The debug log for fn1 looks as follows:

instructionClobbersQuery:
  DefInst:   store i32 %inc, ptr @g, align 4, !tbaa !8
  UseInst:   %2 = load i32, ptr %foo, align 4, !tbaa !3
  UseLoc: ptr %foo LocationSize::precise(4)
  common case
  isModOrRefSet: 1
  isModSet: 1
isSameMemGeneration:
  EarlierGeneration = 1
  LaterGeneration = 2
  EarlierInst =   %0 = load i32, ptr %foo, align 4, !tbaa !3
  LaterInst =   %2 = load i32, ptr %foo, align 4, !tbaa !3
  LaterDef = 2 = MemoryPhi({entry,liveOnEntry},{if.then,1})
  EarlierMA = MemoryUse(liveOnEntry)
  Dominates? = 0

And thus the decision is not to remove the second load.

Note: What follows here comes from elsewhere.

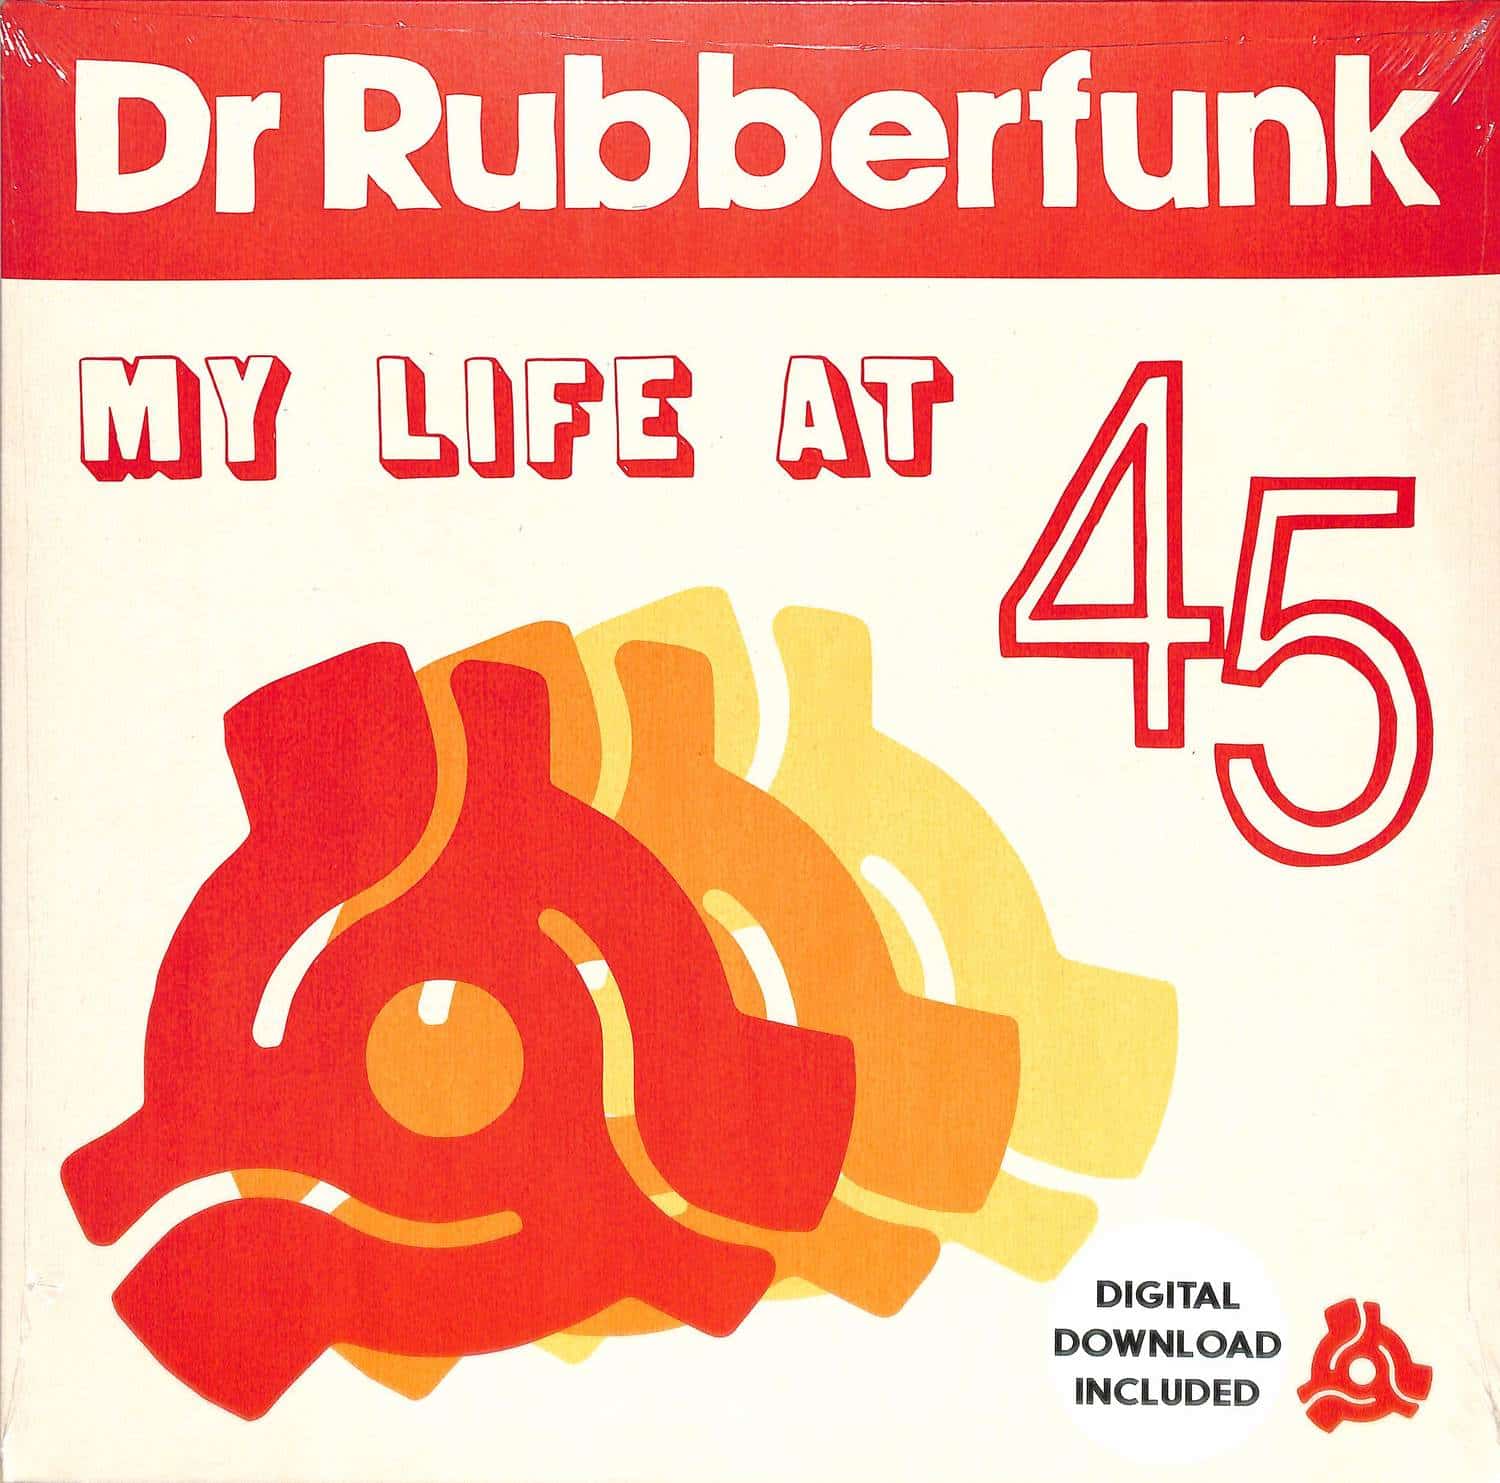 Dr Rubberfunk - MY LIFE AT 45

The debug log for fn2 looks as follows:

instructionClobbersQuery:
  DefInst:   store i32 %inc, ptr @g, align 4, !tbaa !8
  UseInst:   %2 = load i32, ptr %b, align 4, !tbaa !3
  UseLoc:   %b = getelementptr inbounds %struct.foo, ptr %foo, i64 0, i32 1 LocationSize::precise(4)
  common case
  isModOrRefSet: 0
  isModSet: 0
isSameMemGeneration:
  EarlierGeneration = 1
  LaterGeneration = 2
  EarlierInst =   %0 = load i32, ptr %b, align 4, !tbaa !3
  LaterInst =   %2 = load i32, ptr %b, align 4, !tbaa !3
  LaterDef = 0 = MemoryDef(liveOnEntry)
  EarlierMA = MemoryUse(liveOnEntry)
  Dominates? = 1

And thus the decision is to remove the second load.

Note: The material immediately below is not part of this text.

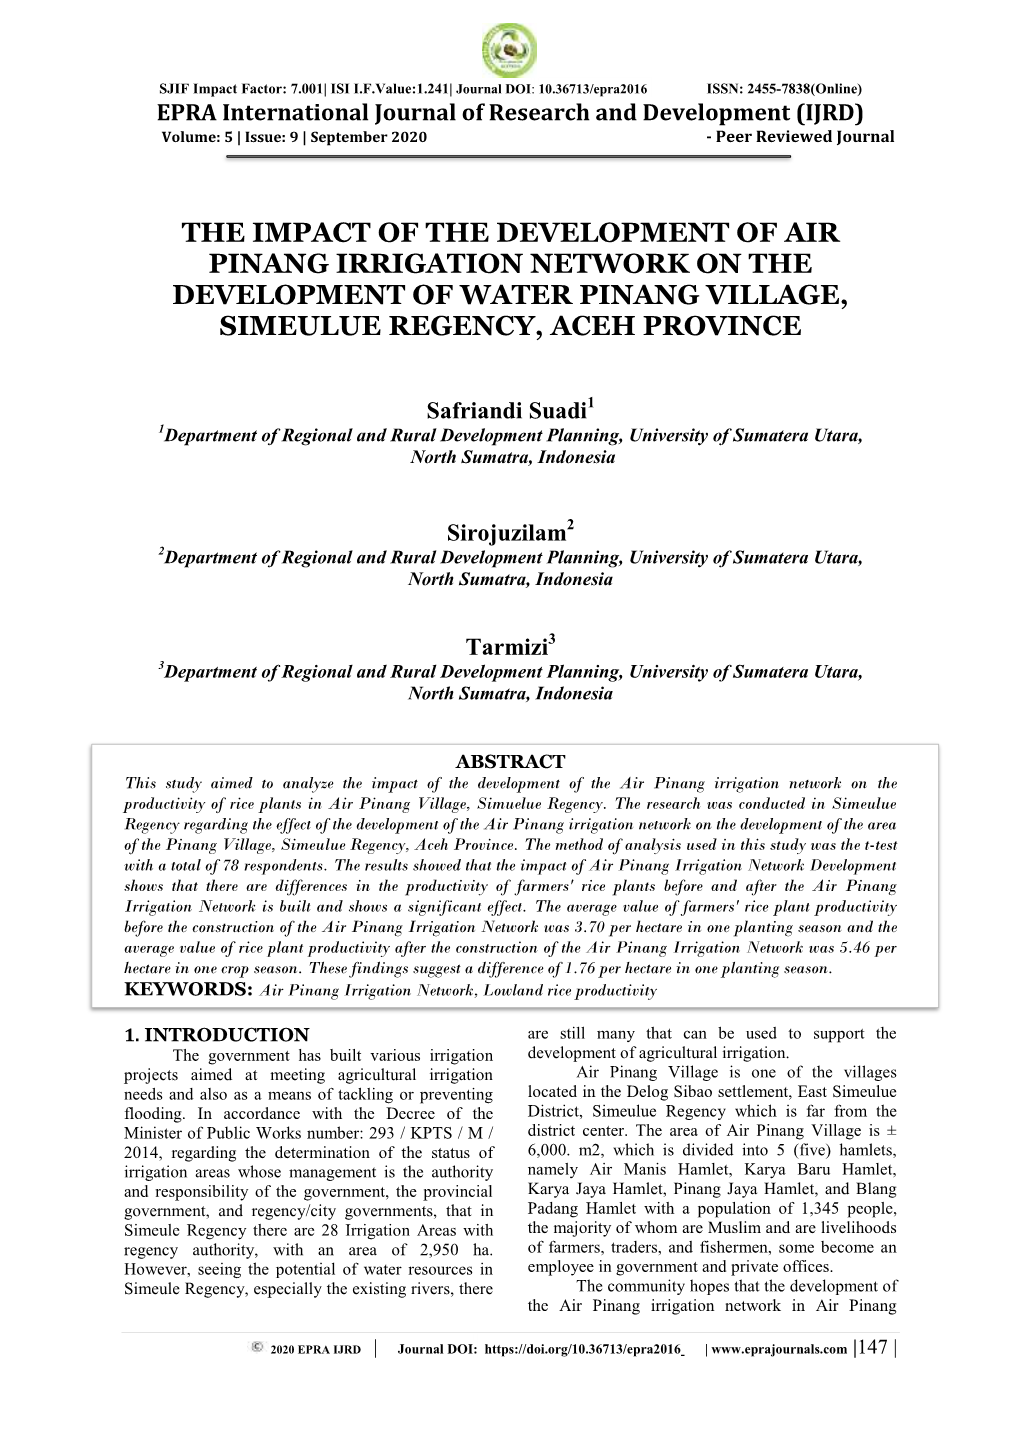 The Impact of the Development of Air Pinang Irrigation Network on the Development of Water Pinang Village, Simeulue Regency, Aceh Province

Note, that while UseInst is the same in both cases, the UseLoc is not. AA query reports reports ModSet for load but not for getelementptr. Also note that getelementptr is removed for fn1 because a is a first field.

Is this an expected behavior?

Thanks,
Eduard

P.S.
Sorry if this is a silly question, I’m debugging a slight change in code generation after some my transformation that replaces loads with intrinsics and tracked it down to this.

P.P.S.
Same happens when compiled for x86:

clang -fno-strict-aliasing -S -O2 -emit-llvm -o t.ll t.c

BasicAA knows that an access at inbounds offset 4 (foo->b) cannot alias with an object that has size 4 (g). See llvm-project/BasicAliasAnalysis.cpp at 2f8a4acf1ad7790a82619932b198b7b7d07cd027 · llvm/llvm-project · GitHub for the relevant logic.

Got it, thank you very much!

To add to that, the same TBAA logic that makes it possible to avoid the second load from foo->b in fn2 also applies to the load from foo->a in fn1.